Sales have have seen a steady growth since 2017, from around USD189,976.00 to USD409,194.00 in 2021, which translates into 16% growth.

Best and worst performing accounts (overall, and by account_type)

df |> 
  group_by(account_name, account_type) |> 
  summarise(amount = sum(sales)) |> 
  ggplot(aes(fct_reorder(account_name, amount), amount))+
  geom_histogram(stat = 'identity')+
  coord_flip()+
  facet_grid(~account_type)+
  theme(axis.text = element_text(size = rel(0.6)))+
  labs(title = 'Best Performing Accounts',
       caption = '4.Best and worst performing accounts (overall, and by account_type)',
       x = '')

ggplot(df, aes(fct_reorder(rsycdmp, sales), sales)) +
  geom_col()+
  scale_color_brewer(palette = 'Set2')+
  coord_flip() +
  ggtitle(label = 'Promotional Sales')+
  facet_wrap(~account_type)

ggplot(df, aes(fct_reorder(rsycdmp, sales), sales)) +
  geom_col()+
  scale_color_brewer(palette = 'Set2')+
  coord_flip() +
  ggtitle(label = 'Promotional Sales')+
  facet_wrap(account_type~f_year)+
  theme(axis.text = element_text(size = rel(0.4)))

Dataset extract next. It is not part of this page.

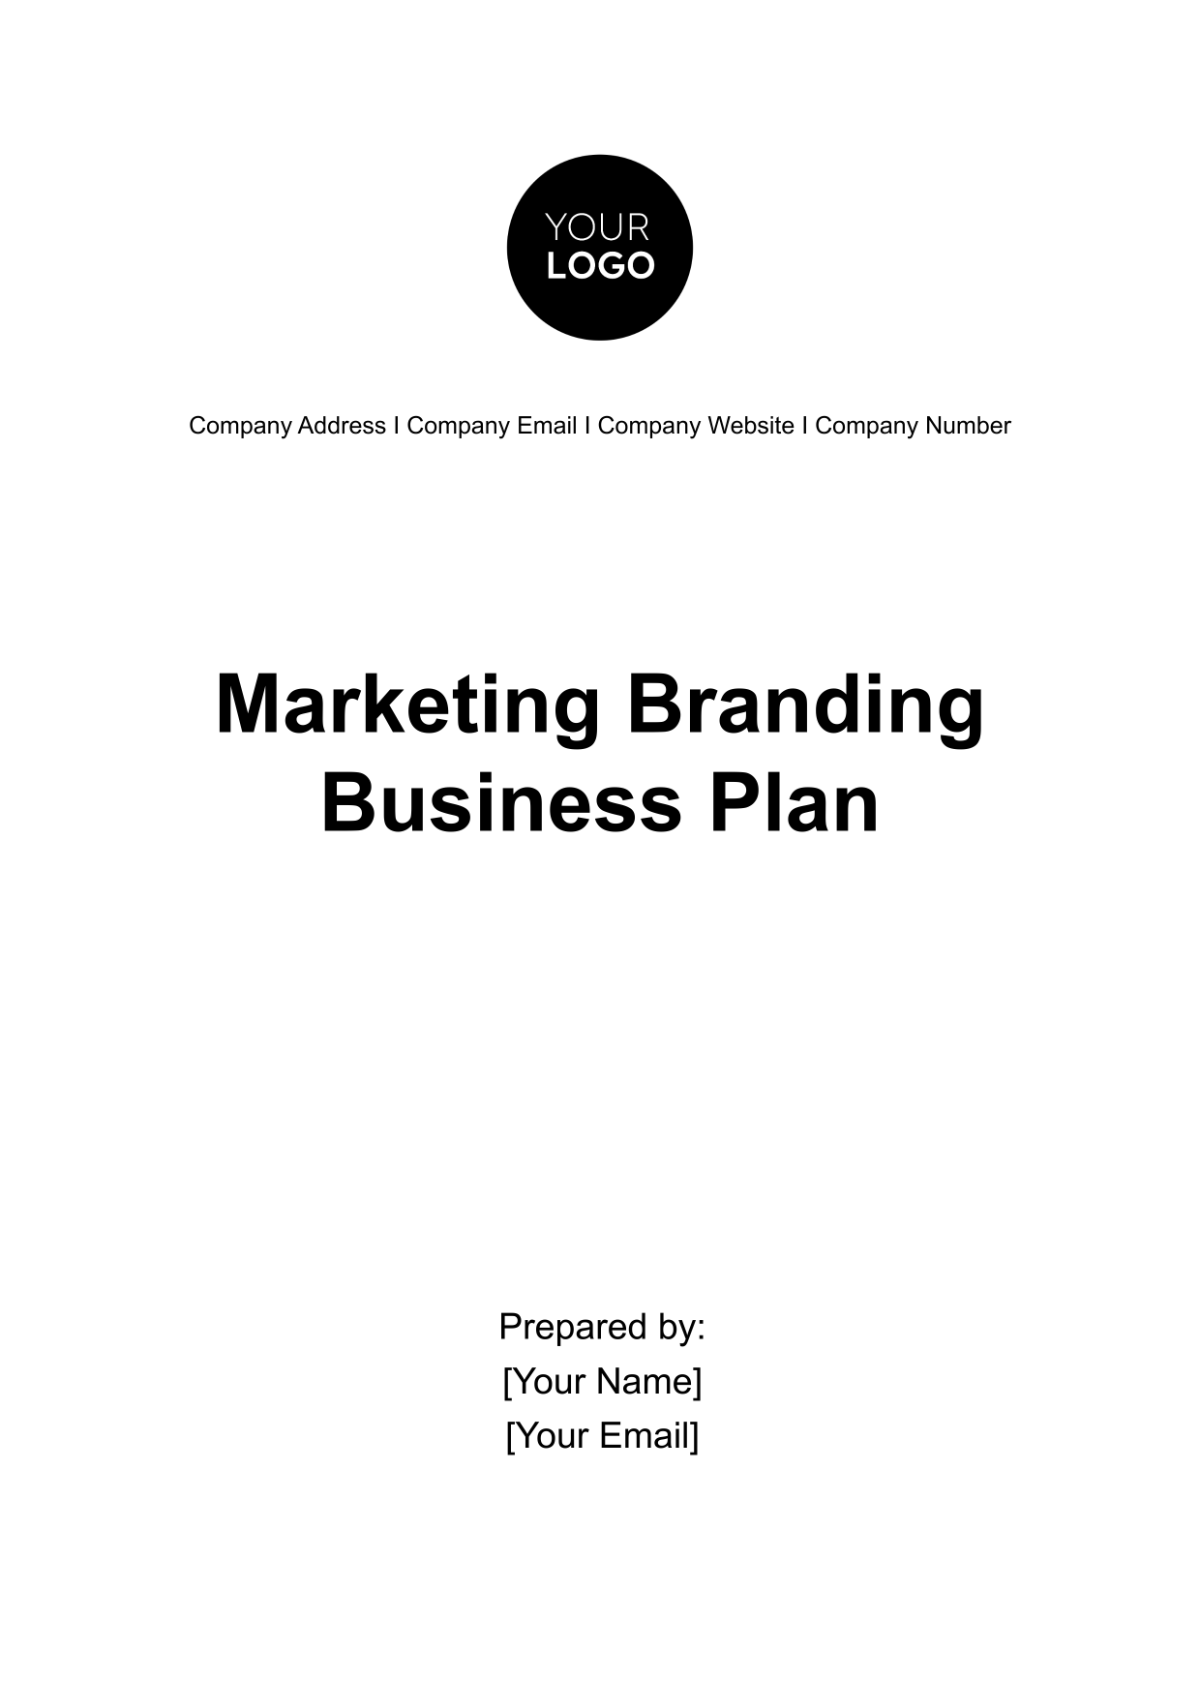 Marketing Branding Business Plan Template

`Total Sales` <- sum(df['sales'])

paste0('Total Sales: ', dollar(`Total Sales`))
## [1] "Total Sales: $1,480,848"

Which marketing efforts are driving sales by atleast a percentage of total sales each year

df |> 
  group_by(f_year, rsycdmp) |> 
  summarise(total_sales = sum(sales),
            count = n()) |> 
  ggplot(aes(f_year, total_sales, color = rsycdmp, size = count))+
  geom_point(position = 'jitter')

df |> 
  group_by(f_year, rsycdmp) |> 
  summarise(total_sales = sum(sales),
            count = n()) |> 
  arrange(desc(total_sales), f_year, desc(count)) |> 
  group_by(f_year) |> 
  summarise(max_sale = max(total_sales)) |> 
  mutate(max_sale = round(max_sale, 2)) |> 
  ggplot(aes(fct_reorder(as.character(f_year), max_sale), max_sale))+
  geom_col()+
  labs(title = 'Maximum Volume Sold YoY',
       x = '',
       y = 'Total Volume')

## Insights

Sales have seen a steady growth since 2017 from 190k to above 400k in 2021. This has been widely driven by the marginal sales for Club.